Through a brisk wind and light rain on March 12, students picked up trash, tires and drift lumber in a Newport River marsh along U.S. 70 in Beaufort. The students signed up for Alternative Spring Break as a way to engage in meaningful service work through ECU’s Volunteer and Service-Learning Center.

Nine students collected bags and bags of garbage, discarded coolers and large pieces of wooden docks blown away during nor’easters or storms near the bridge leading from Morehead City to Beaufort. “This stretch of marsh, particularly with high tide, will become littered,” said Sam Bland ’80, a coastal specialist with the N.C. Coastal Federation. “We concentrate on keeping it clean. Where we can get in the marsh, we do. There’s just so much.”

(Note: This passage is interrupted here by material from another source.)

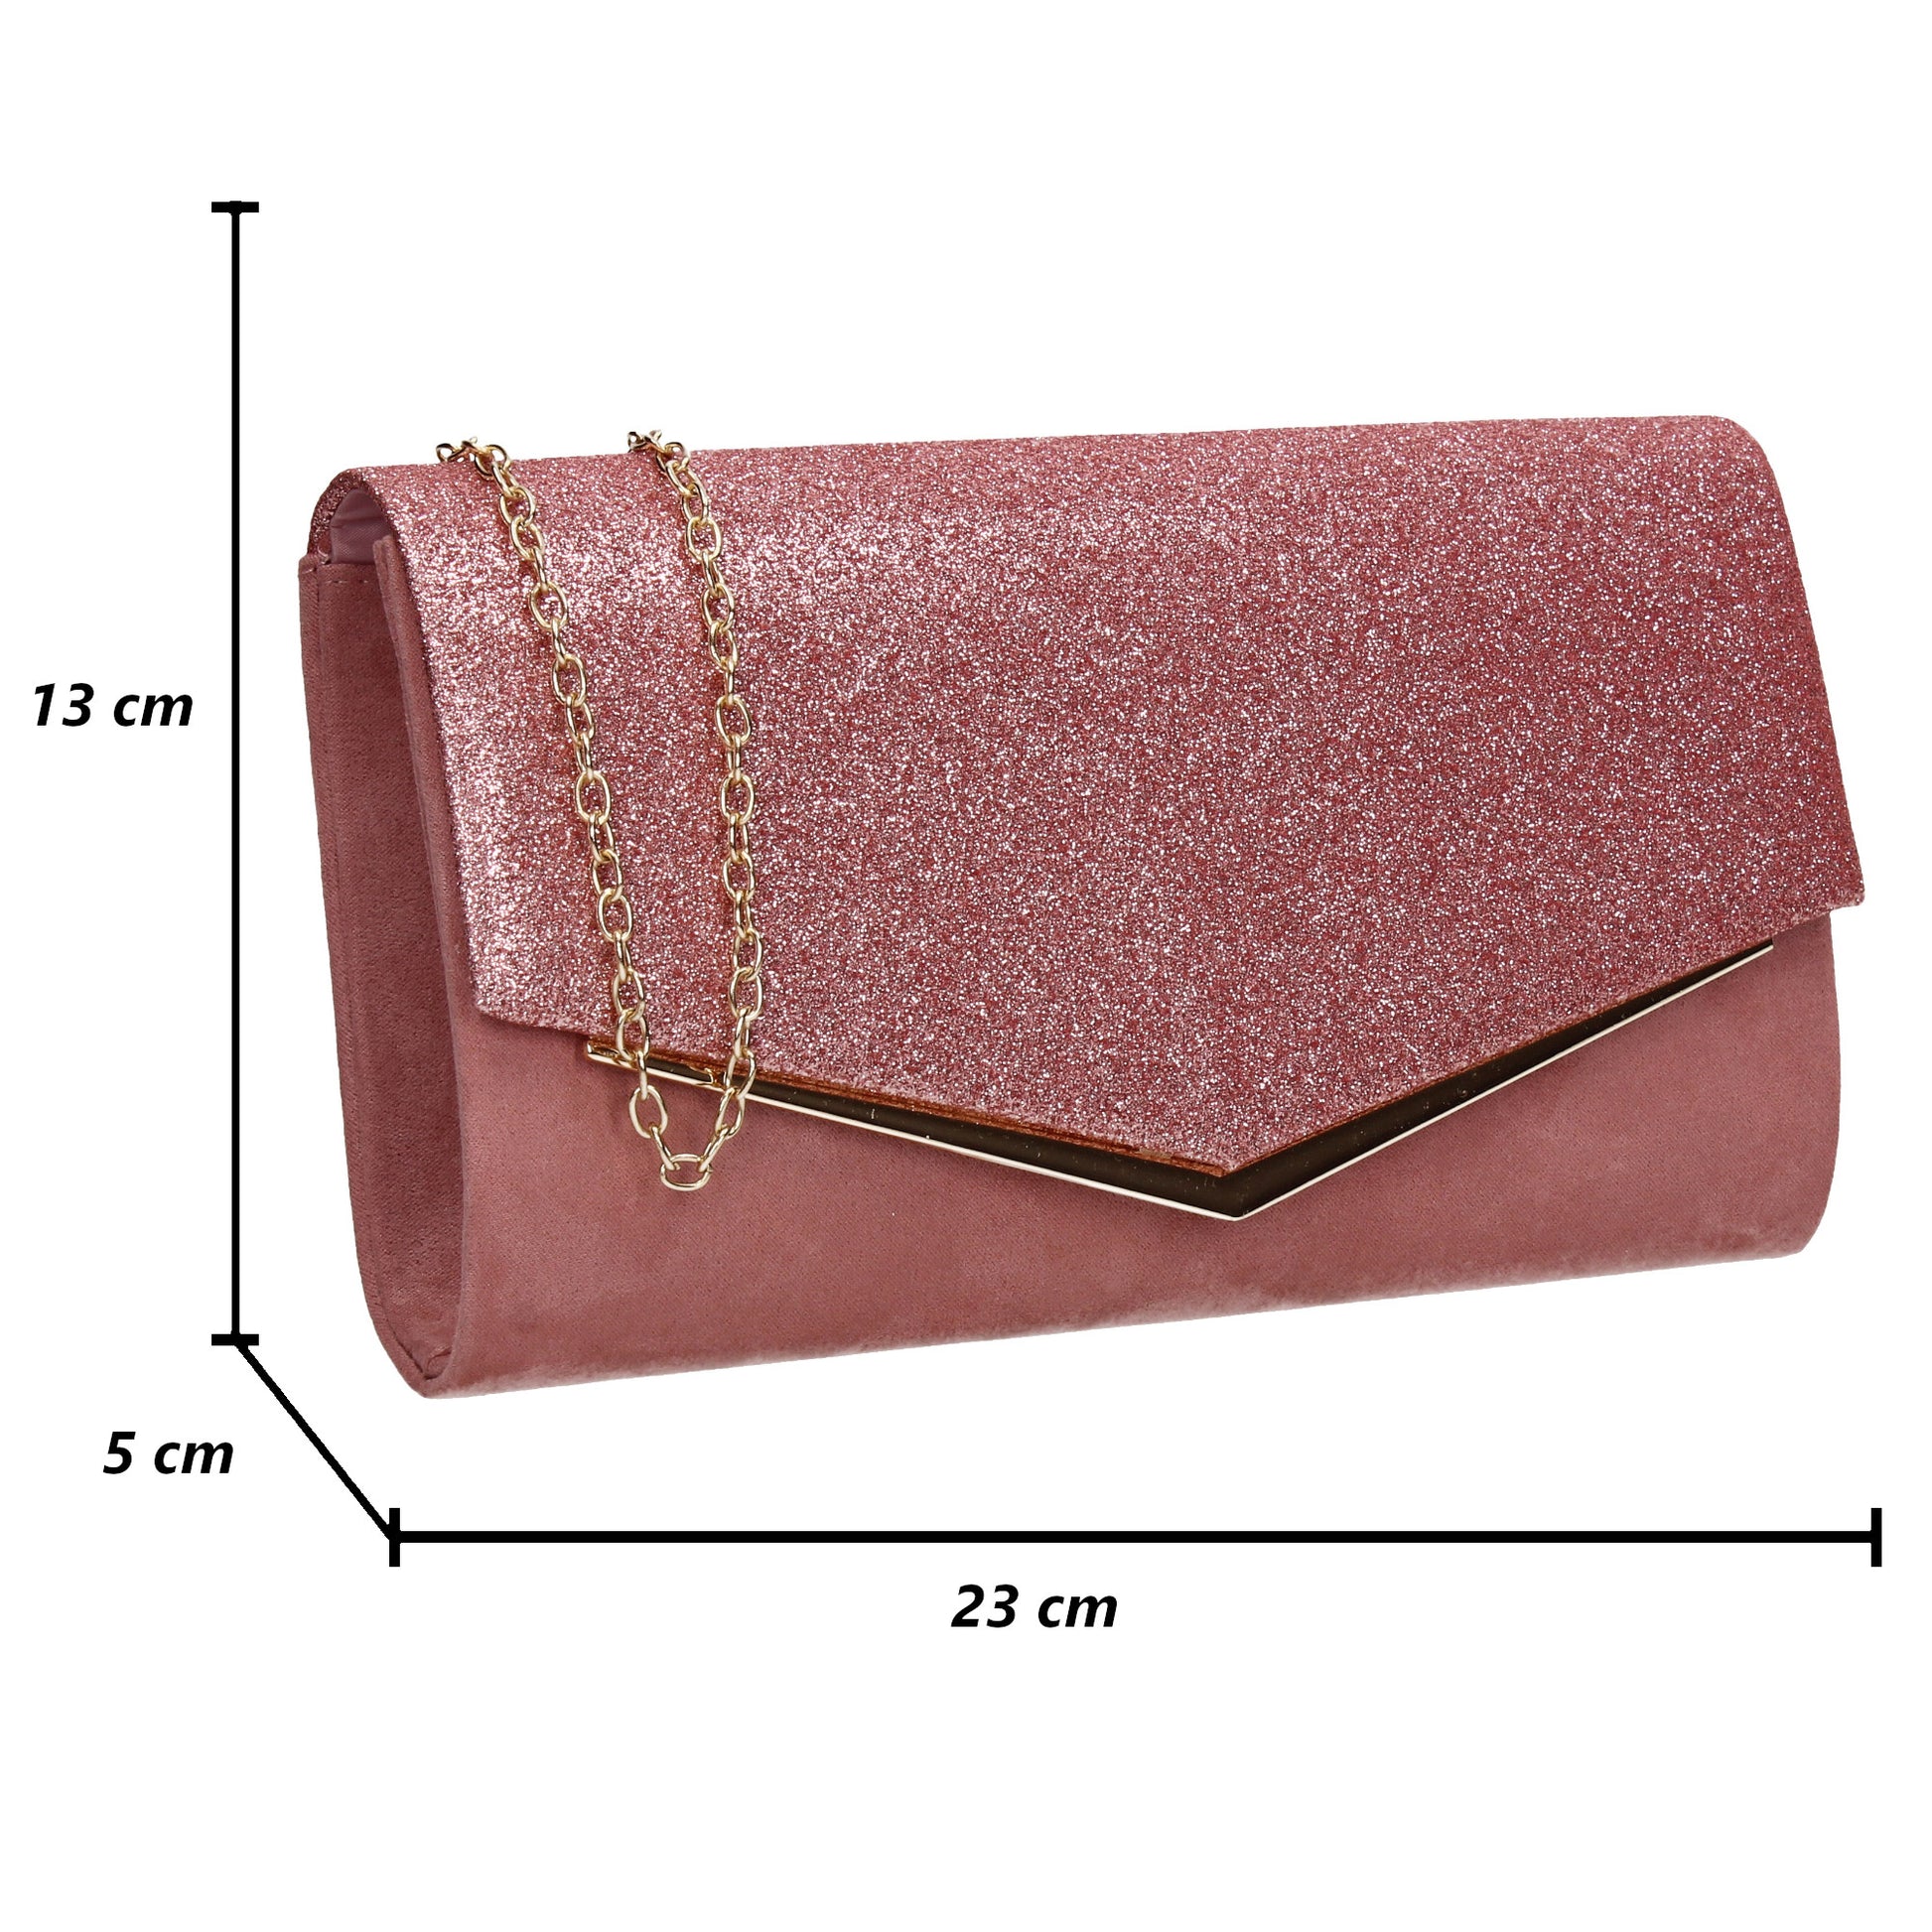 SWANKYSWANS Janey Clutch Bag Blush Cute Cheap Clutch Bag For Weddings School and Work

ECU students Madison Welsh and Jordan Martin gather trash during a clean-up activity as part of alternative spring break.

Stefania Blevins, a senior psychology major and marching band member from Fayetteville, said she looked forward to telling friends and family about what she has learned about sustainability. The experience has inspired her to build a rain garden. “There are so many rivers we’re neglecting that we could do something for,” she said.

During the week, students planted trees, maintained gardens at elementary schools in Carteret and Onslow counties, helped build a Habitat for Humanity home and served food at the Hope Mission Soup Kitchen in Morehead City.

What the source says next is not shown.